The code change proposal suggests the county could restrict the cluster development zoning to Tier 2 of the urban growth area, which are small pockets adjacent to Lawrence city limits, while prohibiting that development and limiting the amount of nonagricultural residential development in Tier 3, which makes up a majority of the growth area. The changes would decrease the number of areas where residential neighborhoods could be developed in the county.
photo by: Contributed photo
Meanwhile, the county has been in the process of developing the LESA system with the help of the U.S. Department of Agriculture. The system is meant to give the county a technical tool to consistently evaluate agricultural land, rather than having staff make subjective judgments. Planner Mary Miller said the tool would be used for rezoning requests to allow the county to determine whether a land rezoning would take away prime agricultural land — if so, the county could deny the request.
Incorporating the tool could also help the county restrict the amount of rural development by making sure the best farmland is preserved and not turned into neighborhoods.

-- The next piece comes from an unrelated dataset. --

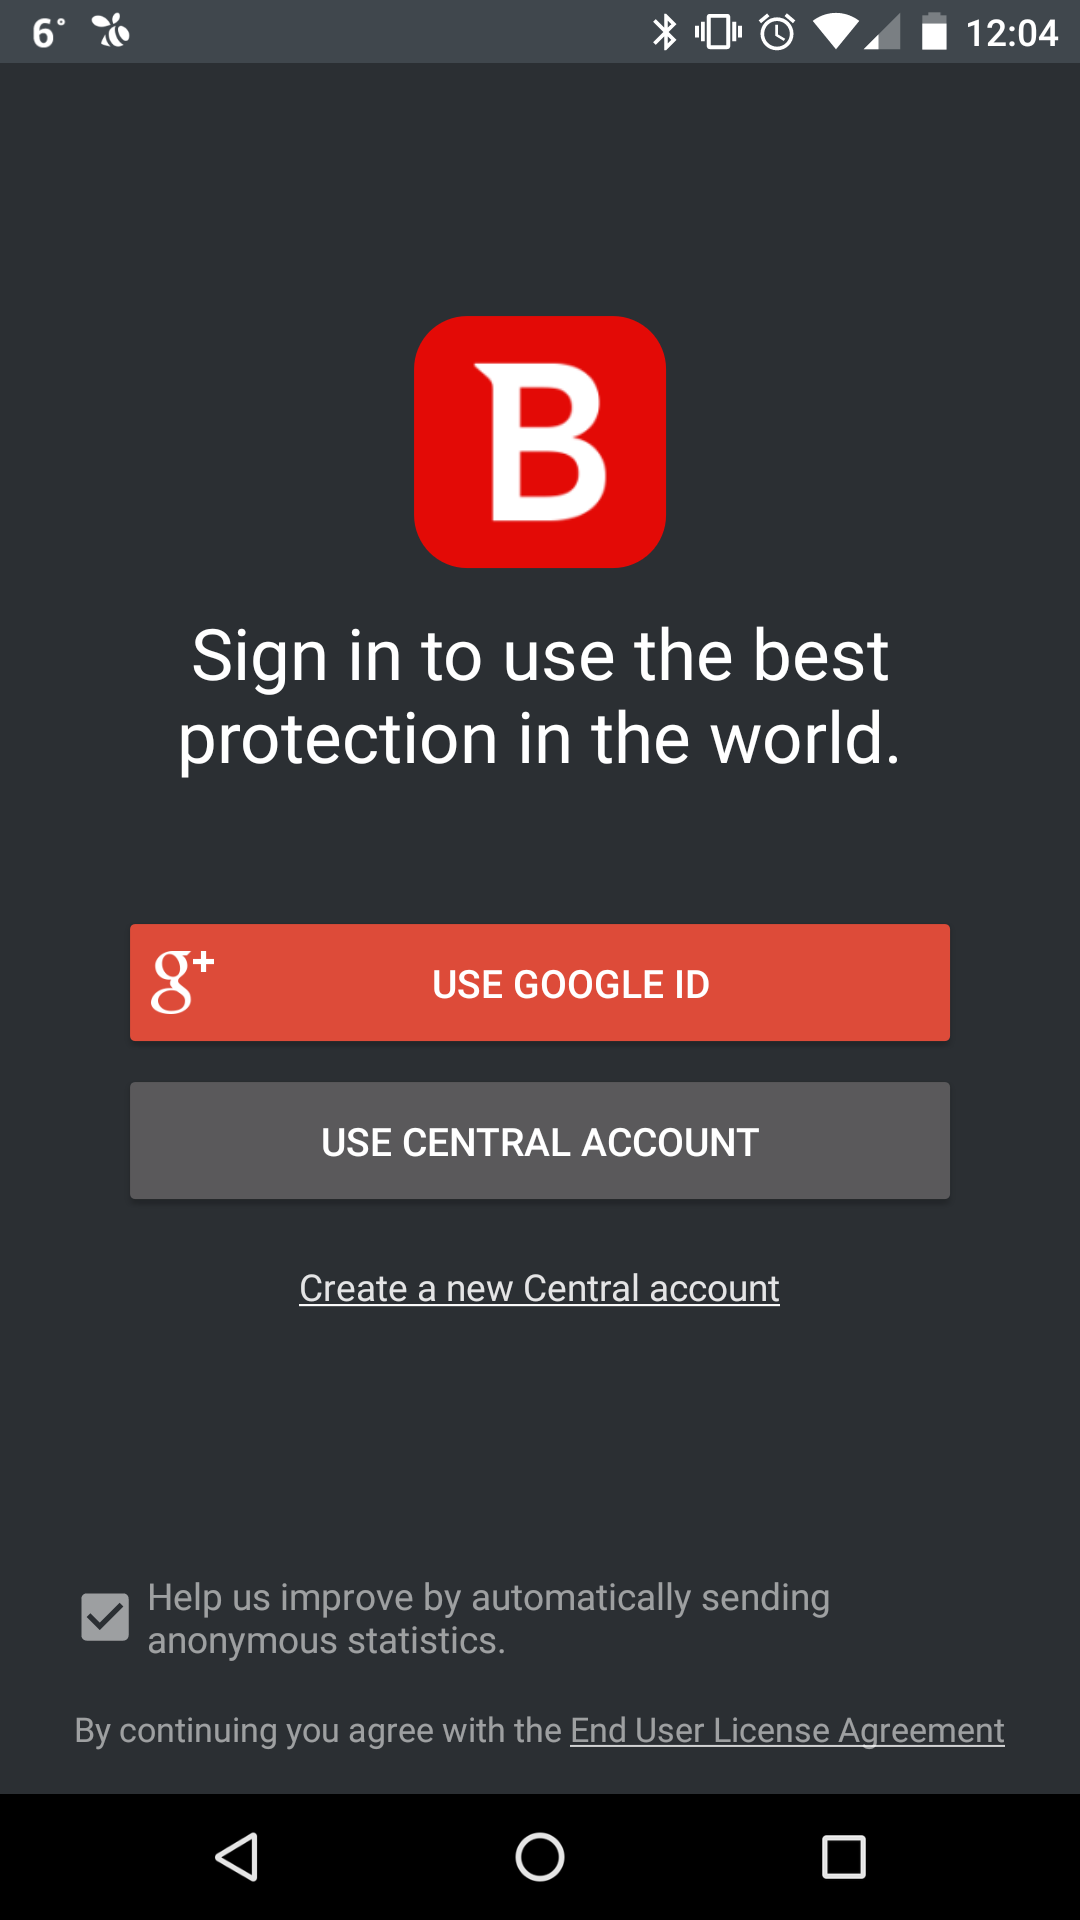 bitdefender for android phones

When the new codes were approved last year, county staff said amendments would likely be needed as time went on, leaving the door open for these kinds of changes.
But the proposed changes would also likely mean the county would need to update its land-use plans for certain areas. Commissioner Patrick Kelly said the current zoning regulations conflicted with some of the county’s area plans, which say some residential subdivisions may occur in rural areas.
But those plans are not due to be updated for a few more years. Jeff Crick, director of Lawrence-Douglas County Planning and Development Services, said five area plans overseeing county territory were written under the former joint city-county comprehensive plan known as Horizon 2020. He said those plans conflicted with the county’s codes but were not scheduled to be updated until 2023.
That puts the County Commission and the Lawrence-Douglas County Metropolitan Planning Commission in a bind to decide which plans to follow when residents apply for land subdivisions, Kelly said. He suggested it also left the county open to legal challenges when subdivision requests were denied.
“I don’t want to end up in court every time somebody brings something to us because they are going to point to the area plan and say they are just following the area plan,” Kelly said.
Crick said he believed exploring subdivision code changes was still appropriate and the county could consider text amendments to the comprehensive plan to make it compatible with the codes until the county could formally update the area plans later. He said making a comprehensive plan change could take at least six months. Kelly said he wanted the county to get working on updating the plans quickly, and he supported Crick’s suggestion.
“Anything we can do to speed that up, and if it’s a text amendment and it takes six months, that’s the direction I’d like to see us going,” he said.
County Administrator Sarah Plinsky said the changes to the codes and the comprehensive plan could happen “on a parallel track” with the changes needed to incorporate the LESA system. She said county staff would likely bring a recommendation for the commissioners to consider in the near future outlining the proposed code changes and how the comprehensive plan could be updated.
“These rules and regulations allow (the subdivisions) to continue to happen until we change the regulations to change that,” she said.